▸ **EXERCISE DESCRIPTION**: With both ends included, repeat exactly the lines of the entries below from the one containing "COMIC Shingeki 2016-01 252" down to the one containing "Alternate Image 2", and no others.

Content starts

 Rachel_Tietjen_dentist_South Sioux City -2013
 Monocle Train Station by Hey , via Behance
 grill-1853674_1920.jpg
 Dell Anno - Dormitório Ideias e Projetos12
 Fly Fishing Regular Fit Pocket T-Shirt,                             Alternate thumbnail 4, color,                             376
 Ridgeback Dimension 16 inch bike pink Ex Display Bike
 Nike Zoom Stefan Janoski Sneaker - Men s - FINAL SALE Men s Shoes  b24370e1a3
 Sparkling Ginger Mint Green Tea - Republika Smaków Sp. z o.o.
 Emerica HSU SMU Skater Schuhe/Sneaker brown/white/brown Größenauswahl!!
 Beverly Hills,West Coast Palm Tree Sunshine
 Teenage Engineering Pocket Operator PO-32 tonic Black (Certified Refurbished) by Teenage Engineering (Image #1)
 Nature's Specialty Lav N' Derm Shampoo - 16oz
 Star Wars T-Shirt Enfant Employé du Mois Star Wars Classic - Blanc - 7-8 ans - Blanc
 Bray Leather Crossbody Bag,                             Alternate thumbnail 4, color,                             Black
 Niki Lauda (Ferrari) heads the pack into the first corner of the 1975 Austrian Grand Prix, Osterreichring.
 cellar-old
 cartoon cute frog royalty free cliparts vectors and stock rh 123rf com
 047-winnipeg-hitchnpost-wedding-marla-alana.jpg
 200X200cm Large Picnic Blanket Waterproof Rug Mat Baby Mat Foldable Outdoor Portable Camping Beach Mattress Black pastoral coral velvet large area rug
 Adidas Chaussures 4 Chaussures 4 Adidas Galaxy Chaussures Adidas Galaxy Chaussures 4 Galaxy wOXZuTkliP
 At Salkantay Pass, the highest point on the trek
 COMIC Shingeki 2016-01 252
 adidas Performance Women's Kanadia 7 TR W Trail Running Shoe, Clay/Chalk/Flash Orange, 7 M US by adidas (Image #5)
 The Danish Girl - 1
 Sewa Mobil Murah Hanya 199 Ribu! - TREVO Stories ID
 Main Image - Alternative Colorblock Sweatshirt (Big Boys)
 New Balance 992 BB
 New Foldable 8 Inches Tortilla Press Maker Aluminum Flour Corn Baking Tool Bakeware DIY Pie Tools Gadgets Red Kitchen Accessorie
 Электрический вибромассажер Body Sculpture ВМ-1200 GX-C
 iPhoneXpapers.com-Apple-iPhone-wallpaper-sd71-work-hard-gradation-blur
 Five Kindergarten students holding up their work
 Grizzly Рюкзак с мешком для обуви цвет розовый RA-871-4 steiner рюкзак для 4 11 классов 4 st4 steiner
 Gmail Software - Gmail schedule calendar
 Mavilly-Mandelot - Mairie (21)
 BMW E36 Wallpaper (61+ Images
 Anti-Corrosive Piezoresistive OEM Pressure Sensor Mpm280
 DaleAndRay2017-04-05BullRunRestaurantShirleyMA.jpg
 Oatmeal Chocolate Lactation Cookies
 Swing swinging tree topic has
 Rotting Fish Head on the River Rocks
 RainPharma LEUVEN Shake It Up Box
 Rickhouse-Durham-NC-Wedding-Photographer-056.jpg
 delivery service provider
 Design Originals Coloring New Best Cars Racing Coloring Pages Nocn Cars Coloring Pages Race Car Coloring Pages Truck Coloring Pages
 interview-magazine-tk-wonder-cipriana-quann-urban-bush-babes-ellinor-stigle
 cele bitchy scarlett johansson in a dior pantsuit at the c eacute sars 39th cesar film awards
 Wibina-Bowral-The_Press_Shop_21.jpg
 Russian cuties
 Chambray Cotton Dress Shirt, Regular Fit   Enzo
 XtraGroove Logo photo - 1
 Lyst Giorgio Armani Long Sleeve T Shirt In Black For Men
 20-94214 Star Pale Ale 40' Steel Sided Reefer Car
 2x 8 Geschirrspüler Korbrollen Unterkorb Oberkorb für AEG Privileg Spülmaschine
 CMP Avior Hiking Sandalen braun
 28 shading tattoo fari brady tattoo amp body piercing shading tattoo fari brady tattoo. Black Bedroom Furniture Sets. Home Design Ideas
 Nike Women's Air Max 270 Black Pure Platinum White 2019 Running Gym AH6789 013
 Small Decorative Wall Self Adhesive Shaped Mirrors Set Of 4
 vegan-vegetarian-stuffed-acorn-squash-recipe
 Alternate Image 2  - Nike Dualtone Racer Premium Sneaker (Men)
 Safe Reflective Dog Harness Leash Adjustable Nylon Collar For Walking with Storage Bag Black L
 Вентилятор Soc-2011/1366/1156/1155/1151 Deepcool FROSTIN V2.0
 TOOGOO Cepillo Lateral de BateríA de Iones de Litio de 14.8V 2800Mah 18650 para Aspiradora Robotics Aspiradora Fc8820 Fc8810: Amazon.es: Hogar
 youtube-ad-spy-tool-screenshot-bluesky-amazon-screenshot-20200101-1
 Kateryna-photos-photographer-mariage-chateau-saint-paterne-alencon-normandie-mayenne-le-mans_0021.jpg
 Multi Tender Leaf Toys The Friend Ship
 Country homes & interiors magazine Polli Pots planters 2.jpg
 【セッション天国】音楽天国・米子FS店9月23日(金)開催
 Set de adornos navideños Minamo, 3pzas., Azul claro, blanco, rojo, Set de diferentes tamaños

Content ends

▸ **EXERCISE ANSWER**:
 COMIC Shingeki 2016-01 252
 adidas Performance Women's Kanadia 7 TR W Trail Running Shoe, Clay/Chalk/Flash Orange, 7 M US by adidas (Image #5)
 The Danish Girl - 1
 Sewa Mobil Murah Hanya 199 Ribu! - TREVO Stories ID
 Main Image - Alternative Colorblock Sweatshirt (Big Boys)
 New Balance 992 BB
 New Foldable 8 Inches Tortilla Press Maker Aluminum Flour Corn Baking Tool Bakeware DIY Pie Tools Gadgets Red Kitchen Accessorie
 Электрический вибромассажер Body Sculpture ВМ-1200 GX-C
 iPhoneXpapers.com-Apple-iPhone-wallpaper-sd71-work-hard-gradation-blur
 Five Kindergarten students holding up their work
 Grizzly Рюкзак с мешком для обуви цвет розовый RA-871-4 steiner рюкзак для 4 11 классов 4 st4 steiner
 Gmail Software - Gmail schedule calendar
 Mavilly-Mandelot - Mairie (21)
 BMW E36 Wallpaper (61+ Images
 Anti-Corrosive Piezoresistive OEM Pressure Sensor Mpm280
 DaleAndRay2017-04-05BullRunRestaurantShirleyMA.jpg
 Oatmeal Chocolate Lactation Cookies
 Swing swinging tree topic has
 Rotting Fish Head on the River Rocks
 RainPharma LEUVEN Shake It Up Box
 Rickhouse-Durham-NC-Wedding-Photographer-056.jpg
 delivery service provider
 Design Originals Coloring New Best Cars Racing Coloring Pages Nocn Cars Coloring Pages Race Car Coloring Pages Truck Coloring Pages
 interview-magazine-tk-wonder-cipriana-quann-urban-bush-babes-ellinor-stigle
 cele bitchy scarlett johansson in a dior pantsuit at the c eacute sars 39th cesar film awards
 Wibina-Bowral-The_Press_Shop_21.jpg
 Russian cuties
 Chambray Cotton Dress Shirt, Regular Fit   Enzo
 XtraGroove Logo photo - 1
 Lyst Giorgio Armani Long Sleeve T Shirt In Black For Men
 20-94214 Star Pale Ale 40' Steel Sided Reefer Car
 2x 8 Geschirrspüler Korbrollen Unterkorb Oberkorb für AEG Privileg Spülmaschine
 CMP Avior Hiking Sandalen braun
 28 shading tattoo fari brady tattoo amp body piercing shading tattoo fari brady tattoo. Black Bedroom Furniture Sets. Home Design Ideas
 Nike Women's Air Max 270 Black Pure Platinum White 2019 Running Gym AH6789 013
 Small Decorative Wall Self Adhesive Shaped Mirrors Set Of 4
 vegan-vegetarian-stuffed-acorn-squash-recipe
 Alternate Image 2  - Nike Dualtone Racer Premium Sneaker (Men)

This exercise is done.